Federal agency releases 'rebuttal' to 9/11 theories on the destruction of WTC towers

Ron Brynaert
Raw Story
Sep. 01, 2006

In the face of polls which suggest that many Americans are skeptical about the government's official version of what happened on September 11, 2001, a federal agency has released a "rebuttal" to some prevalent "conspiracy theories" about the destruction of the World Trade Center towers.

A few days ago, as the five-year anniversary of the attacks approaches, the National Institute of Standards and Technology posted a FAQ sheet on it's website entitled "Answers to Frequently Asked Questions", based upon its three-year building and fire safety investigation.

"We get a lot of calls from people who have heard these theories," NIST spokesman Michael Newman told Newsday. "But we conducted what was probably the most complex investigation of a building collapse in history."

"We based our conclusion on the talents of the world's best engineers and scientists, state of the art computer models and 236 pieces of steel recovered from the site," said Newman.

Earlier today, NIST sent out a press release about their FAQ sheet.

"When the National Institute of Standards and Technology (NIST) released the final report in October 2005 from its technical investigation of the fires and collapses of the World Trade Center (WTC) towers on Sept. 11, 2001, many in the building design, construction, fire, rescue, safety and legislative communities praised the three-year effort as the authoritative accounting of the events that took place and began working with NIST to use the report's 30 recommendations to improve building codes, standards and practices," said the press release.

"However, there have been claims from 'alternative theory' groups that factors other than those described in the NIST report brought the towers down," the release said.

'Controlled demolition' theory

Much of the fact sheet deals with the "controlled demolition" theory, which the agency never actively investigated or pursued because they couldn't find any "corroborating evidence for alternative hypotheses."

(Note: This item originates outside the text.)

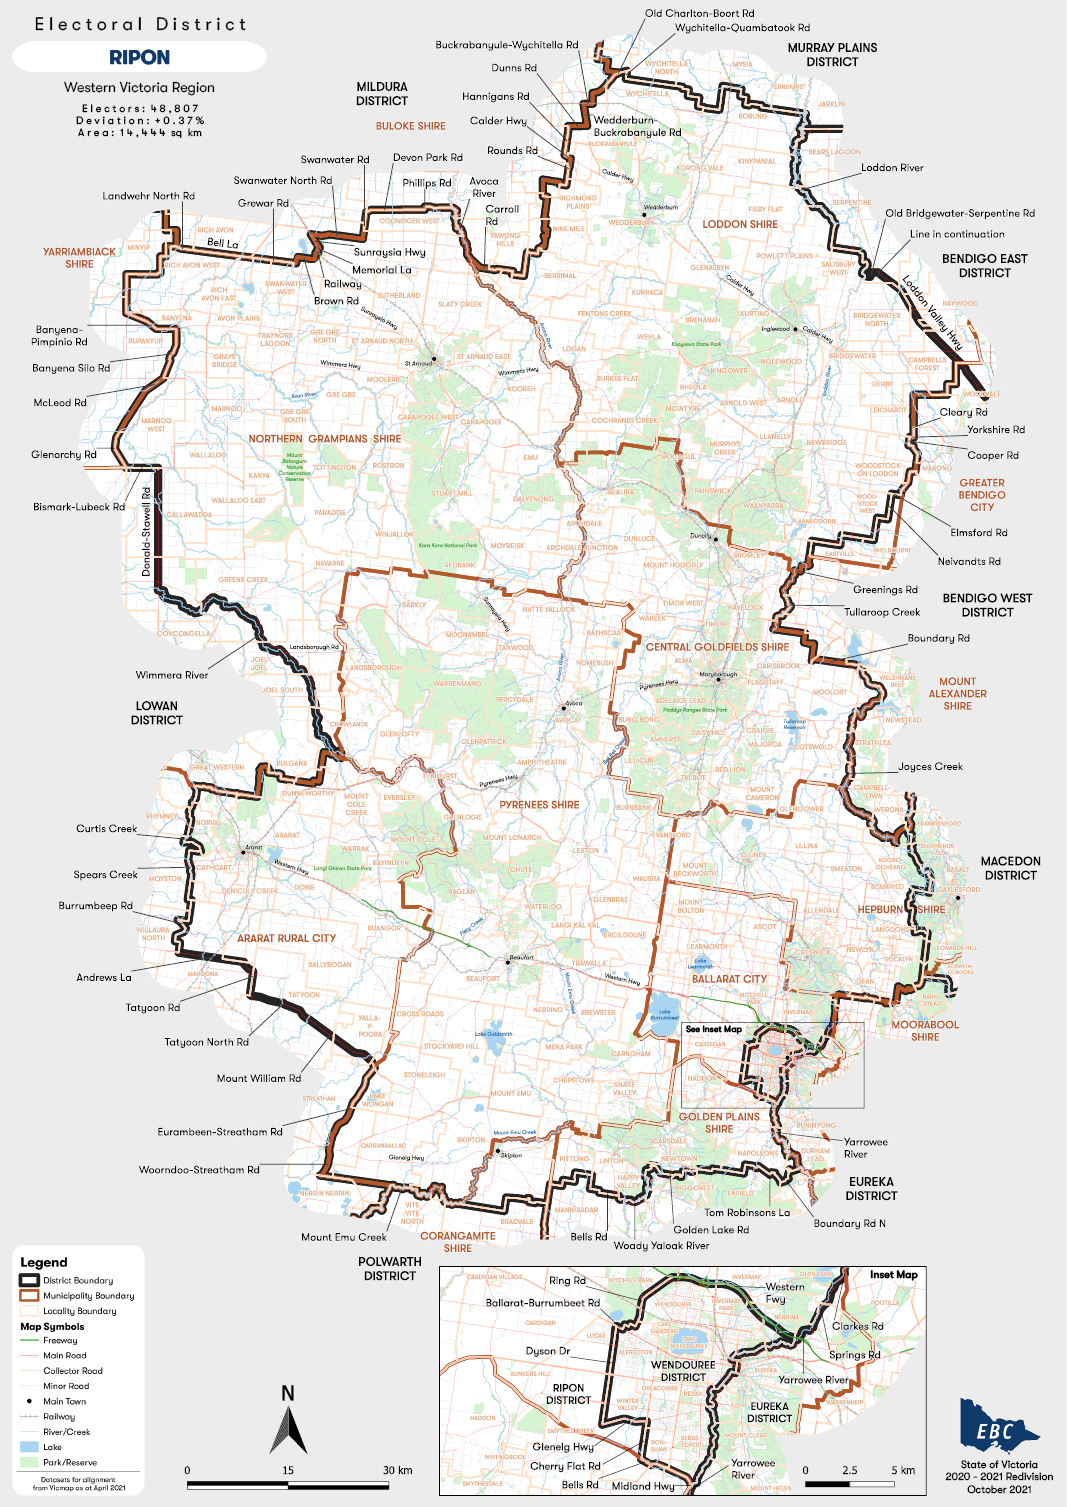 RIPON Electoral District
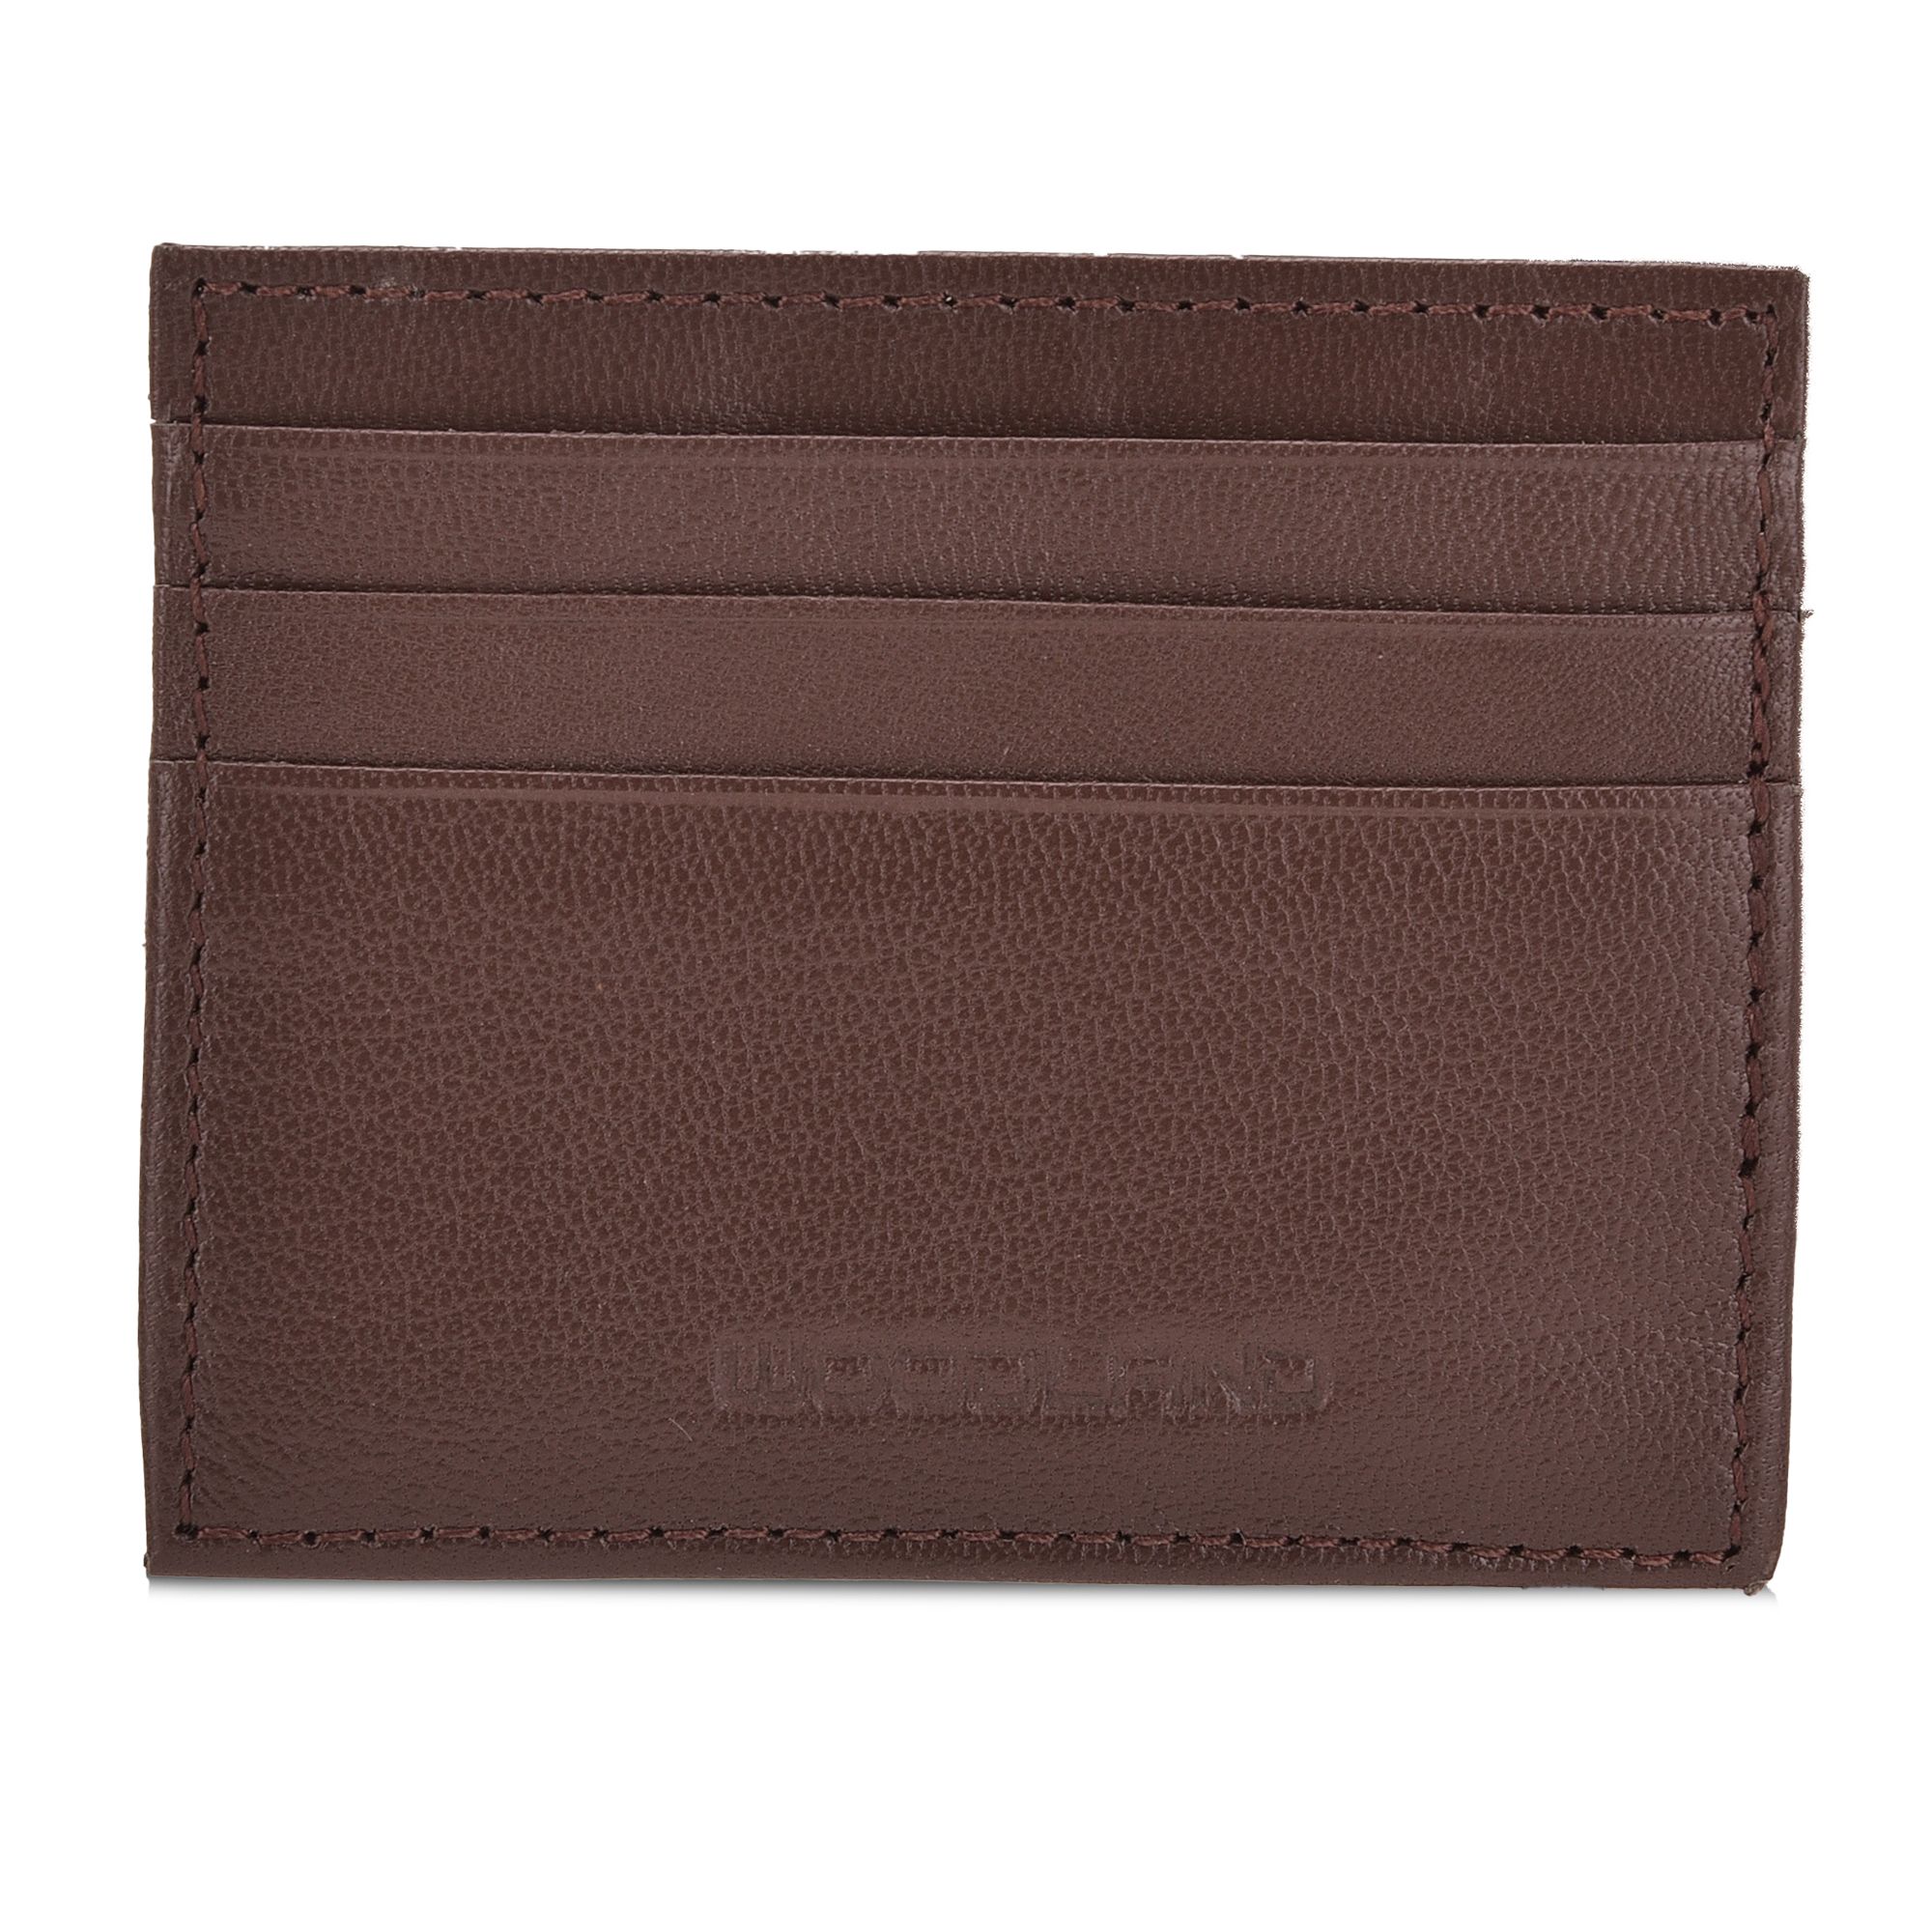 Brown/ tan bi-fold wallet

Brigham Young University physics professor Dr. Steven E. Jones, a founding member of Scholars for 9/11 Truth, "a non-partisan association of faculty, students, and scholars, in fields as diverse as history, science, military affairs, psychology, and philosophy, dedicated to exposing falsehoods and to revealing truths behind 9/11," believes that NIST is wrong to dismiss other theories about why three WTC buildings "completely collapsed" on September 11.

"In this paper, I call for a serious investigation of the hypothesis that WTC 7 and the Twin Towers were brought down, not just by impact damage and fires, but through the use of pre-positioned cutter-charges," Jones writes in the abstract of his paper, "Why Indeed Did the WTC Buildings Collapse?"

"I consider the official FEMA, NIST, and 9-11 Commission reports that fires plus impact damage alone caused complete collapses of all three buildings," Jones writes. "And I present evidence for the controlled-demolition hypothesis, which is suggested by the available data, and can be tested scientifically, and yet has not been analyzed in any of the reports funded by the US government."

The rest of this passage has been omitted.